When the part of the brain responsible for making humans feel “sure enough” fails to kick into gear on its own, those with OCD and related anxiety-based conditions often use compulsive strategies to artificially create this sense of certainty. While this temporarily provides some assurance, the joy is short-lived, replaced by an overwhelming and seemingly unfair demand for re-assurance. As a strategy for suppressing the occurrence and effects of an obsession, reassurance seeking is a compulsion commonly employed by virtually all OCD sufferers, as well as those with related OC Spectrum Disorders such as Body Dysmorphic Disorder (BDD), Social Anxiety (Social Phobia), and Hypochondria (Health Anxiety).
The Problem with Reassurance

So why is reassurance such a big deal? To put it in clinical terms, when an individual seeks reassurance, they reinforce that they are unable to tolerate the discomfort of the uncertainty they are experiencing. At the same time, they reinforce that the best way to alleviate the discomfort of that uncertainty is to compulsively seek reassurance.

Concurrently, reassurance as a behavior sends the message to the brain that whatever unwanted thought set these events into motion must be terribly significant. “If he goes through all of this just to know for sure, then this thought must be really important!”

Finally, reassurance is addictive. If reassurance were a substance, it would be considered right up there with crack cocaine. One is never enough, a few makes you want more, tolerance is constantly on the rise, and withdrawal hurts. In other words, people with OCD and related conditions who compulsively seek reassurance get a quick fix, but actually worsen their discomfort in the long term.
(Originally posted by Heather on the old boards here: http://www.scarleteen.com/forum/ultimat ... 00386.html)
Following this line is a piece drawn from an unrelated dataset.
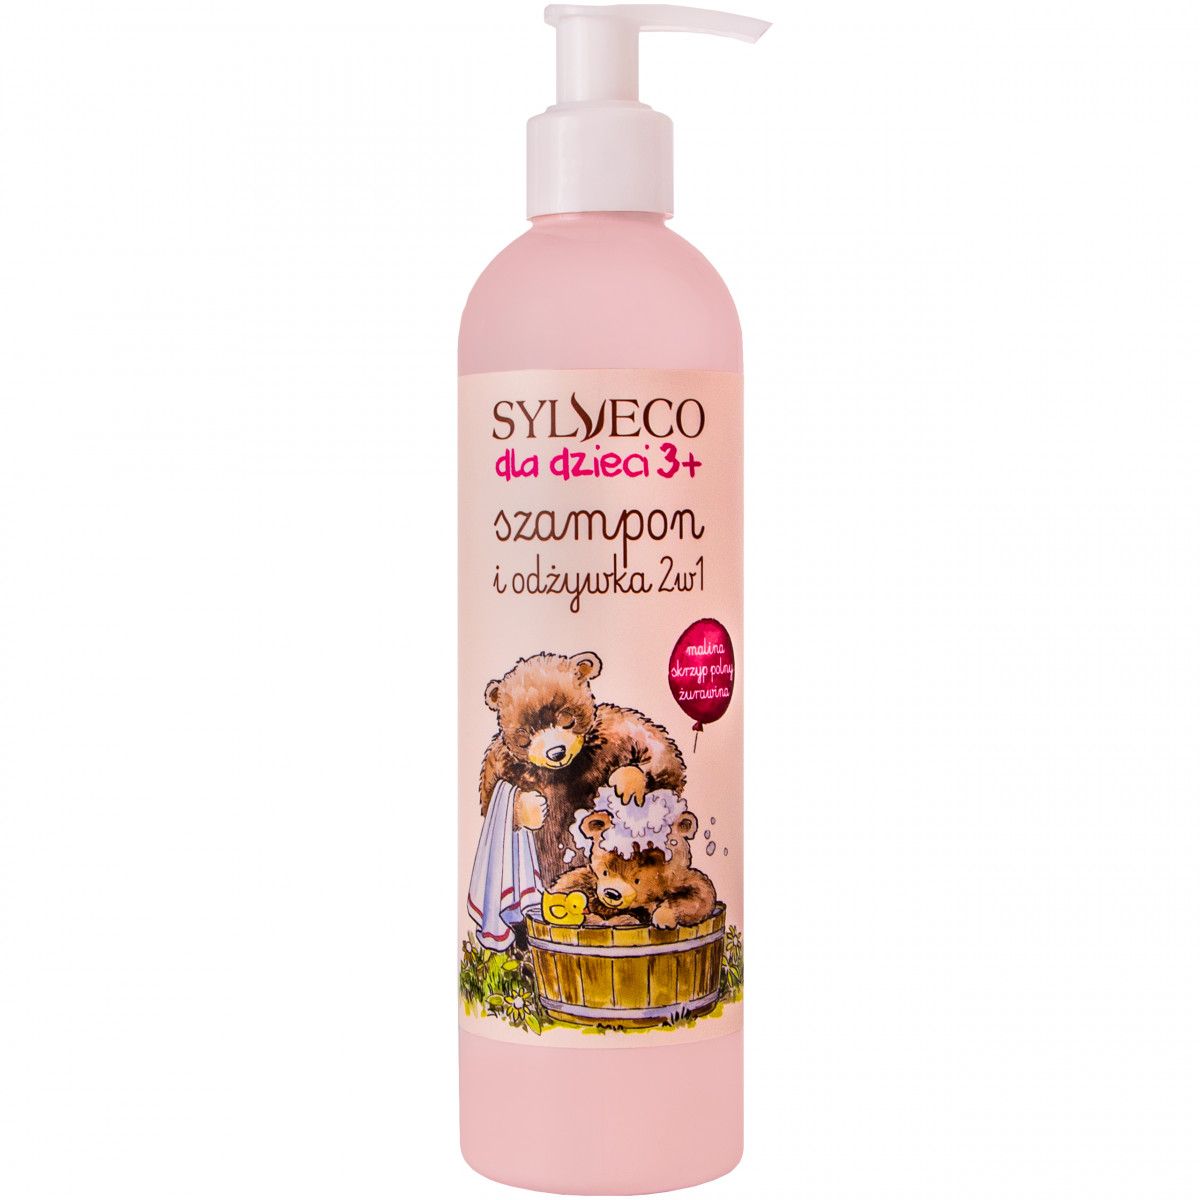 szampon dla dzieci krzyzowka-piccolo

Re: Why We Set Big Limits Around Anxiety and Reassurance

Posted: Fri Aug 01, 2014 10:57 am
by MoradM
As a person with possible OCD, I can greatly relate to this. This sentence, precisely, is of great value:
But mostly it's because reassurance is something we, and those who work in mental health, know does the opposite of helping with anxiety. Instead, it actually is something that only helps keep people STUCK in anxiety and makes managing it harder, not easier.
Thank you so much for the information.

Re: Why We Set Big Limits Around Anxiety and Reassurance

Posted: Sun Nov 16, 2014 12:33 pm
by Heather
Just bumping this to remind our users asking us to do just this, and why a) we won't, and b) we ask you to please not ask us to or insist we "must" do this for you. Thanks!

Re: Why We Set Big Limits Around Anxiety and Reassurance

Posted: Wed Mar 11, 2015 8:30 pm
by xoxo127
This made a lot of sense to me & helped me better understand that I am causing myself unnecessary anxiety. Anyone having a scare should try to grasp this concept, it'll help you realize if you didn't have a real risk of pregnancy you have to stop searching for answers. No means no,dont keep trying to seek answers again and again.

Re: Why We Set Big Limits Around Anxiety and Reassurance

Posted: Mon Dec 14, 2015 5:29 pm
by Mo
Another bump to gently remind y'all why we need to set limits around this.